Tomorrow the girls are going to Great America and I'm kind of nervous about that. I know they cheat on gluten when I'm not around and I worry about them being out in the sun all day without enough water since neither of them hardly drinks any. They're typically exhausted after a day like that and I just worry about them and their health which is something I have to let go of since there isn't anything I can do when they're with him, by themselves, or with other people. I wish I wouldn't have agreed to volunteer yesterday, but I did so that's another learning lesson. I was anxious and wanted to be helpful, I think on some level I felt bad for not helping, but I didn't offer for the right reasons so now I'm kind of mad at myself for that. Sometimes I ask people what would help or what they need. I've been thinking about what would help me or I need and I think it's a combination of things so I put together a list to reflect upon later.
1. Love and support.
2. Forgiveness and recognition.
3. New hobbies and interests.
4. Local friends I can hang out with in real life.

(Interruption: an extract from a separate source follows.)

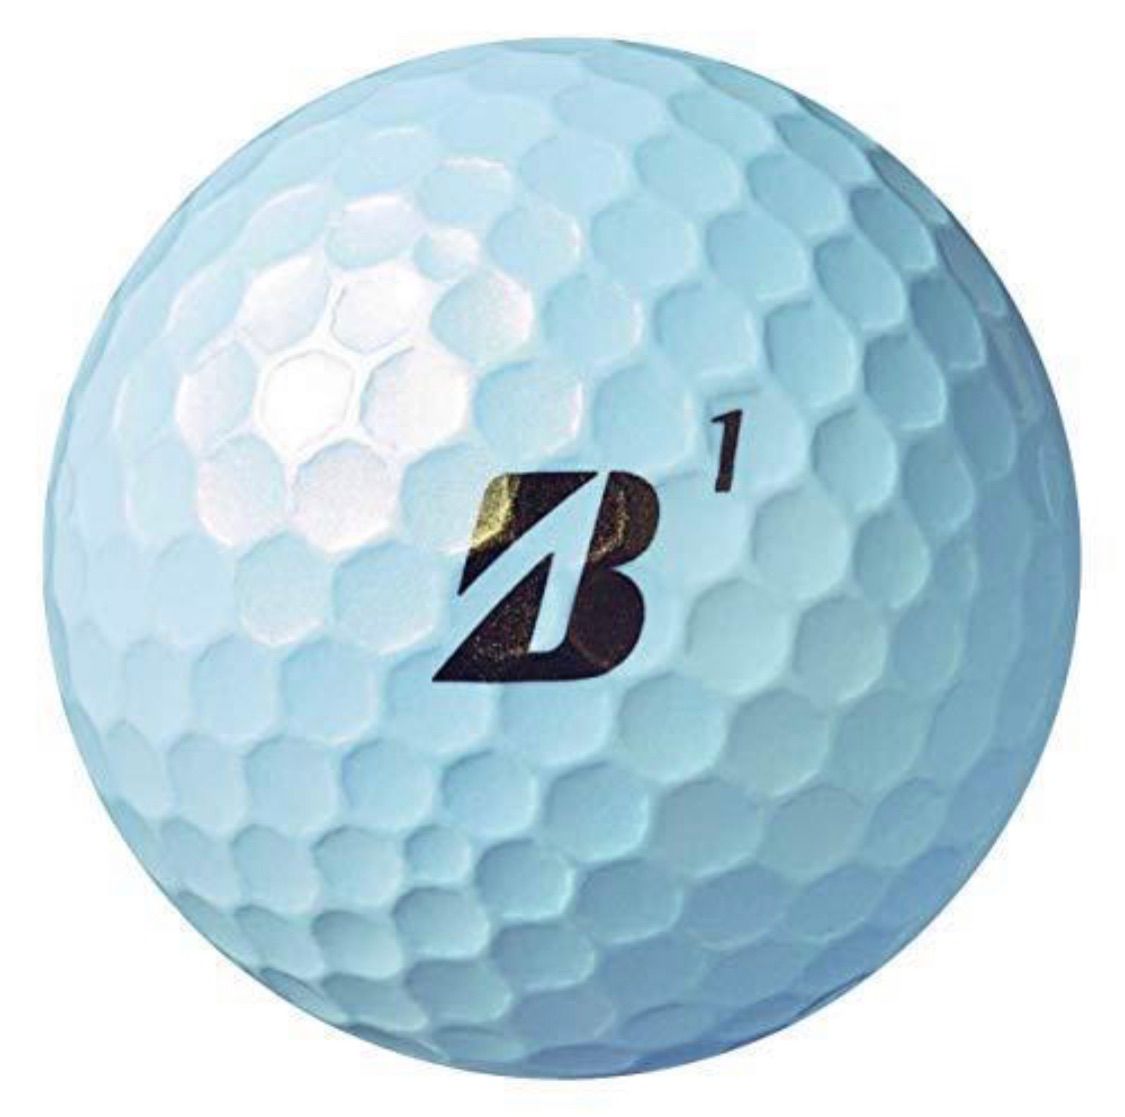 2ダース売り ブリヂストン ゴルフボール TOUR B JGR 2021年モデル 24球入 パールホワイト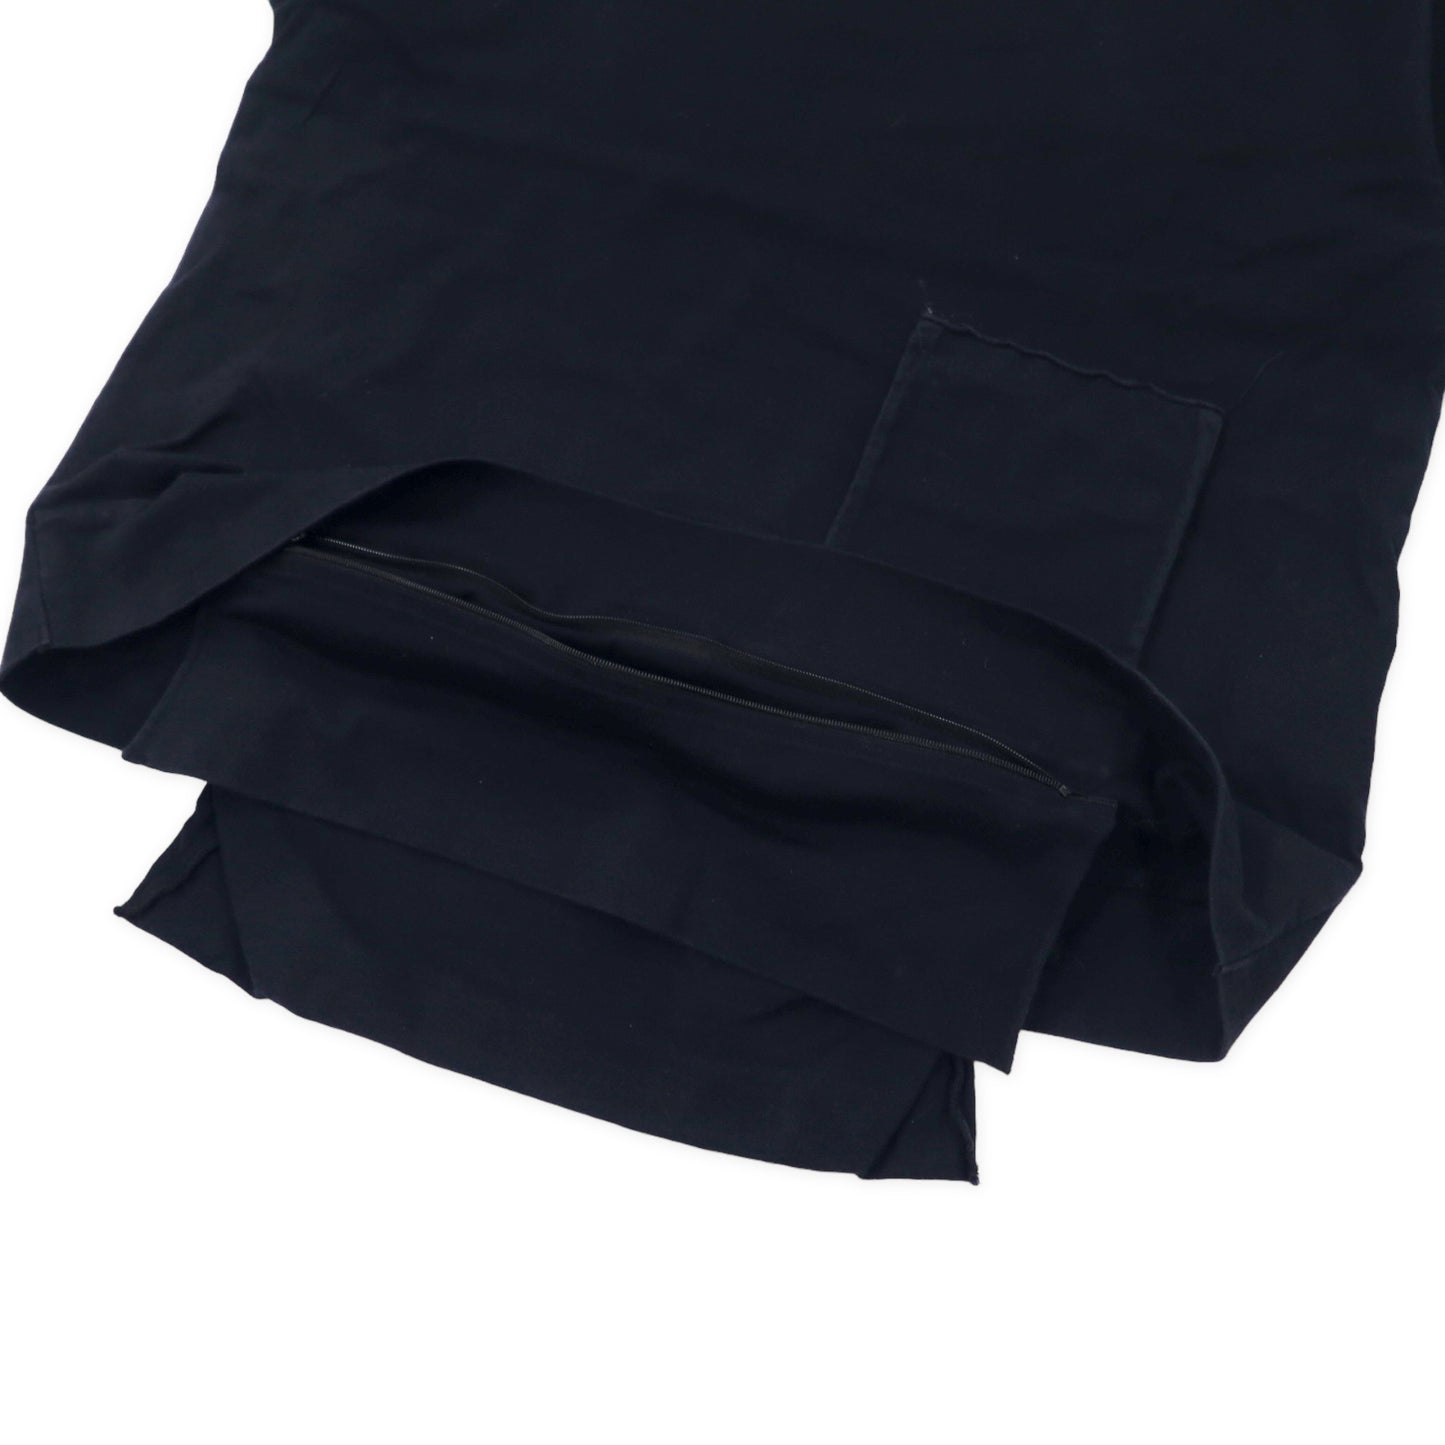 ambush ドッキング ロゴTシャツ 3 ブラック ポケット 12112078 日本製

6. A better plan and more plans for different areas of my life; personal, professional, etc...
7. A way to talk to and about him that isn't so venonmous and/or hopeless.
9. Appreciation for what's behind me and how far I've come so far.
10. A better reward system.
These are just a few ideas. I would also like to be more active and be able to do more things around the house. I need him to either do these things himself or hire someone else to do them for him. It really bothers me and I don't think it's really good for anyone to live in a house with so many unfinished projects. I think this is bothering him on a level he may not recognize, and if it doesn't, it should. Unfinished projects and business tends to lurk at the back of a mind and create anxiety. Completing tasks, especially old and difficult ones builds self esteem and gives people a sense of accomplishment they may have been lacking before. It's possible to be very responsible and accountable in one area of your life while letting others go. I've struggled with this in the past and still have many areas to work on today, but that's life and today I'm glad that I'm alive and have the friends and family that I do.
P.S. It was very encouraging to see so many daylogs yesterday. Thanks to all who contributed their stories.